As many as 190 countries have come together at the COP27 Summit in Egypt, at a time when the world is seeing instability in the energy market, triggered by the Russia-Ukraine War.
Talking about the summit, Sumant Sinha, Chairman & CEO of homegrown renewable energy company Renew Power, said during the first two days of COP27, all the heads of state come and interact with one another and in some ways this lays out the tone of what they expect to see happening. The real negotiations start toward the backend.
He said the conversation is shifting to getting in more blending finance. “Right now the conversation is not so much about the climate finance ask from the developing countries but the whole conversation is shifting to how can we get more blended finance to come in? Blended finance is nothing but somebody stepping up, like the multi-laterals, and providing some sort of guarantees on protecting certain kind of risks — whether it is the sovereign risk, first loss risk, FX risk and so on,” Sinha said, adding that by providing those guarantees they are essentially improving the credit quality of projects in developing countries and thereby pushing a lot more private sector financing to come in.
“The question is how do we crowd in that financing? And in the conversations that I have been in so far, that has been the bigger focus,” the ReNew Power CEO told CNBC-TV18.
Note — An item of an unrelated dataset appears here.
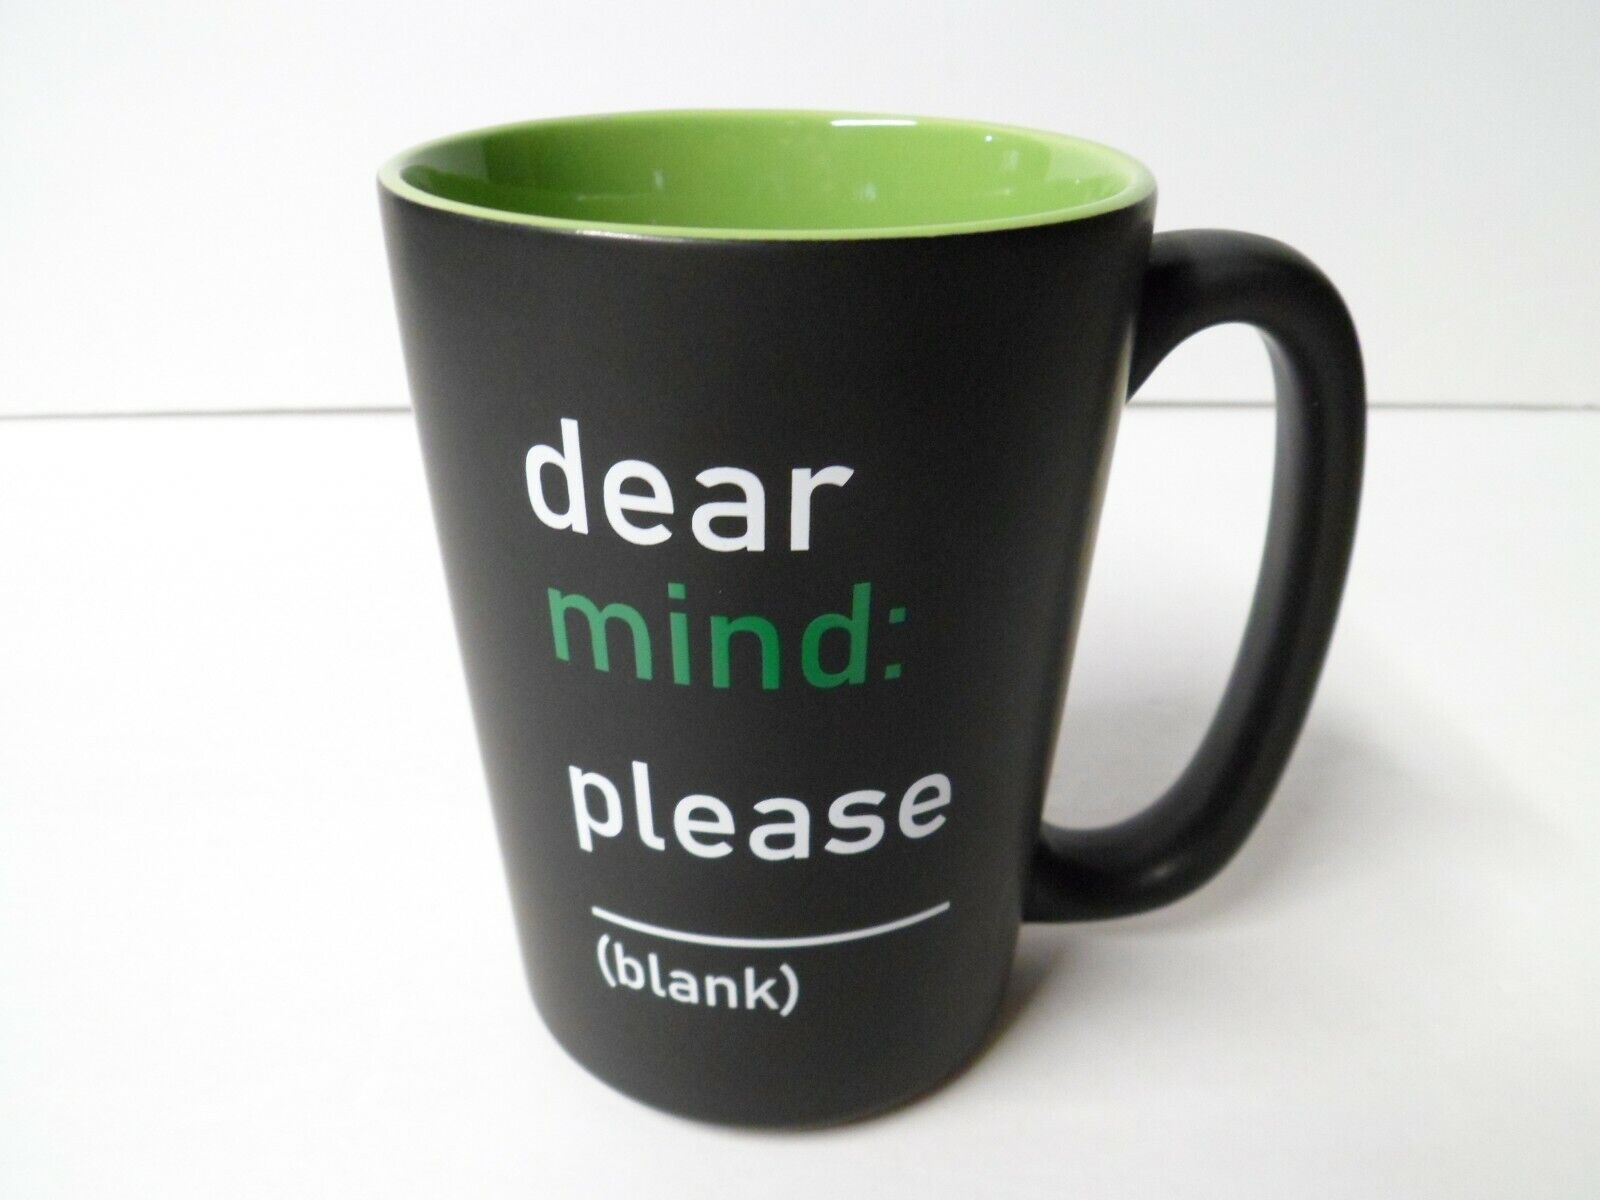 Dear Mind: Please (blank) Mug Mental Health Coffee Cup Mug Black White Green NEW
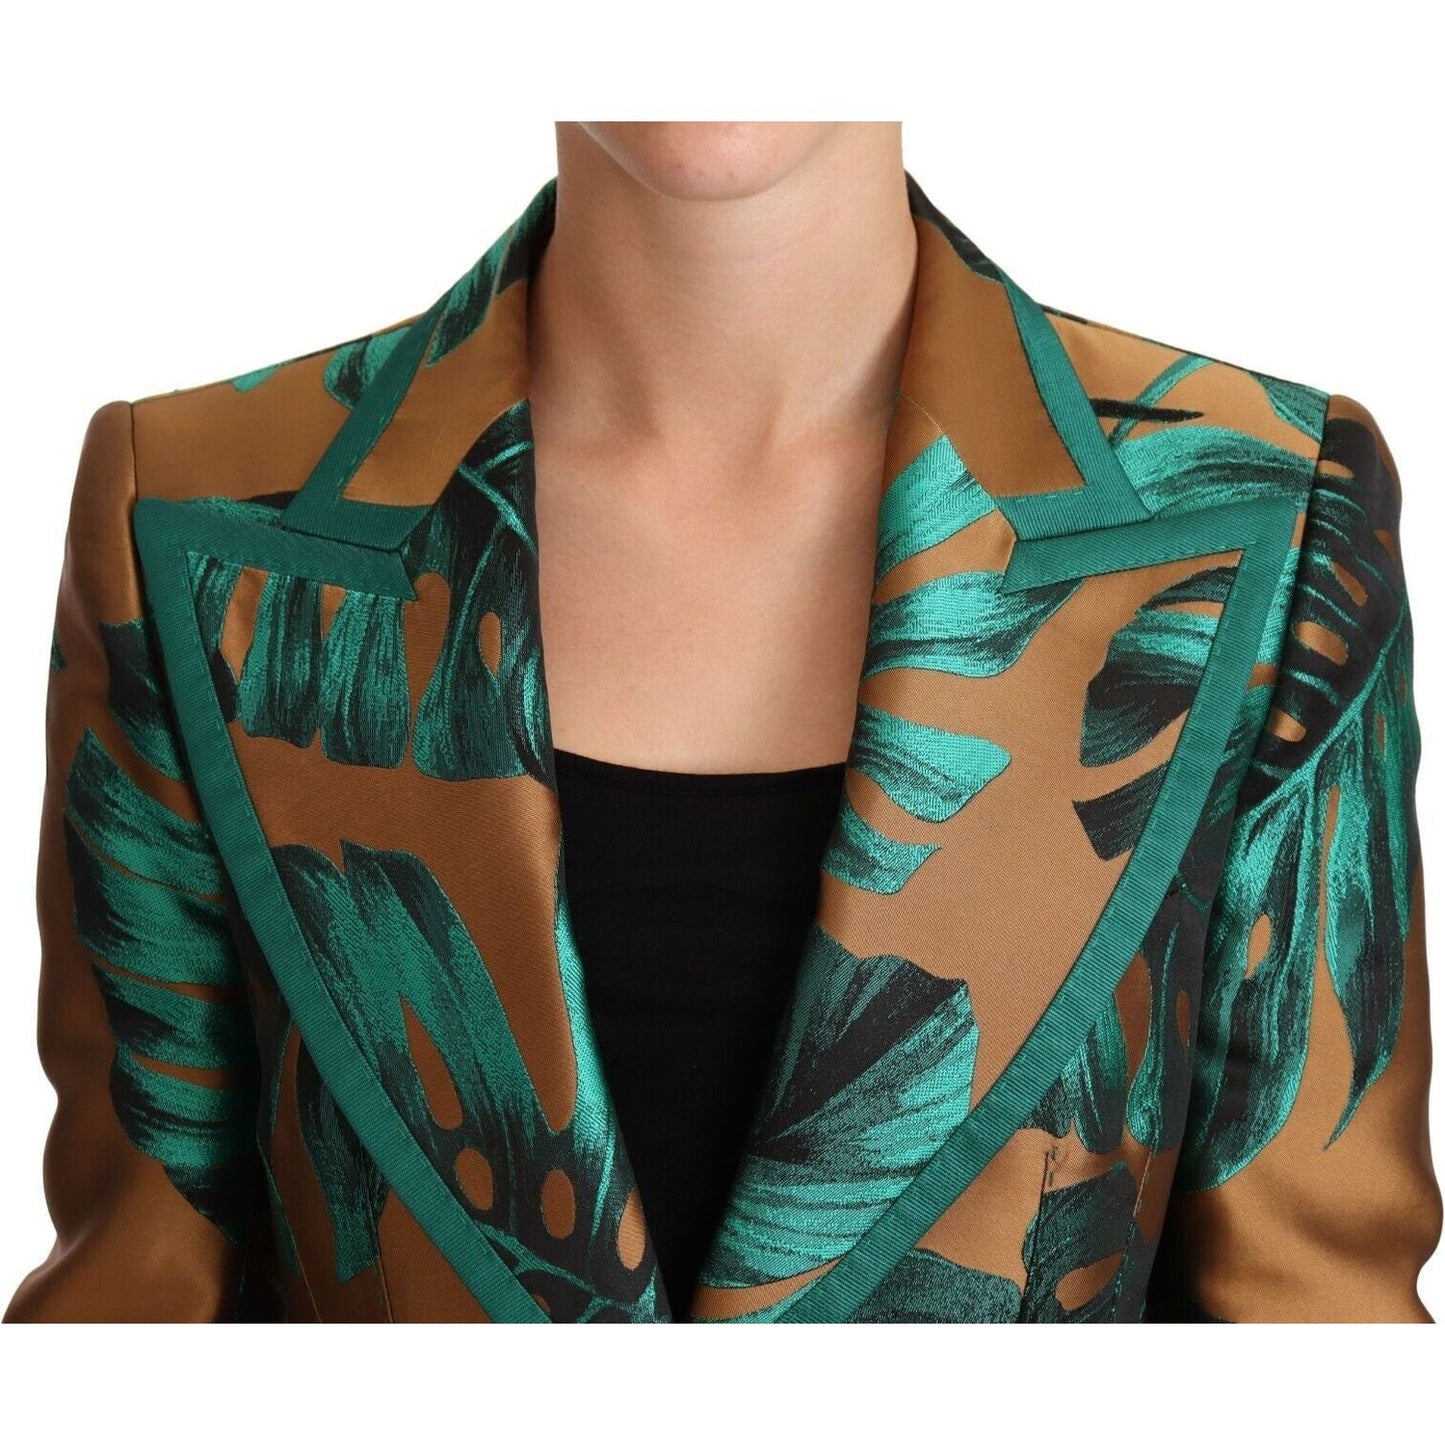 Dolce & Gabbana Elegant Leaf Print Silk-Blend Coat WOMAN COATS & JACKETS brown-green-leaf-jacquard-coat-jacket

Meanwhile, R.P. Gupta, former secretary of the Ministry of Environment and Forests, said that parity needs to be established for concessional financing for developing countries. “Climate financing is something for which a lot of work still needs to be done — how the finances would be collected, what will be the criteria for collection of climate finance, how it will be disbursed between different countries etc are still part of the negotiation which I hope at this COP or at least by the next COP are concluded,” he said.
Gupta, who played an important role during negotiations at COP 26, said developing countries require climate finance at a concessional rate, which will enable them to develop resources themselves at a cheaper rate, and the same without climate finance would be costly.
“So to reduce the cost of that development which developed countries have enjoyed by using coal, a parity needs to be established whereby the developing countries get finance at a concessional rate for their development. So, any financing which comes to India or developing countries as part of the investment should not be counted as finance,” he said.
Gupta also believes the ‘polluter pays principle’ must be applied globally.
“Every developed country and many of the developing countries apply this principle in their domestic areas, so there is no reason why it cannot be applied in international forums,” he added.
Sinha also thinks multi-laterals such as the World Bank, International Finance Corporation, Asian Development Bank, among others, are not doing as much as they need to do right now.
“What is happening is they are providing financing from their balance sheets and the way of their lending to the sector has not changed over the last 10 years …we know that they want to do it but somehow between their bureaucracies or their existing processes we are just not able to make substantive movement,” he said.
These multi-laterals are the key to providing and catalysing more financing from the private sector into developing countries, he added.